Start of Data segment
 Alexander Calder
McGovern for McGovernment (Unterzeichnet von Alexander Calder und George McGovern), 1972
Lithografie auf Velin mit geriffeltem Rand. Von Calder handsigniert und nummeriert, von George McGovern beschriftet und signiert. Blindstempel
End of Data segment
- [Work to complete] Look through the material above and work out how many of its lines contain "McGovern". State the number only.

- [Answer section] 2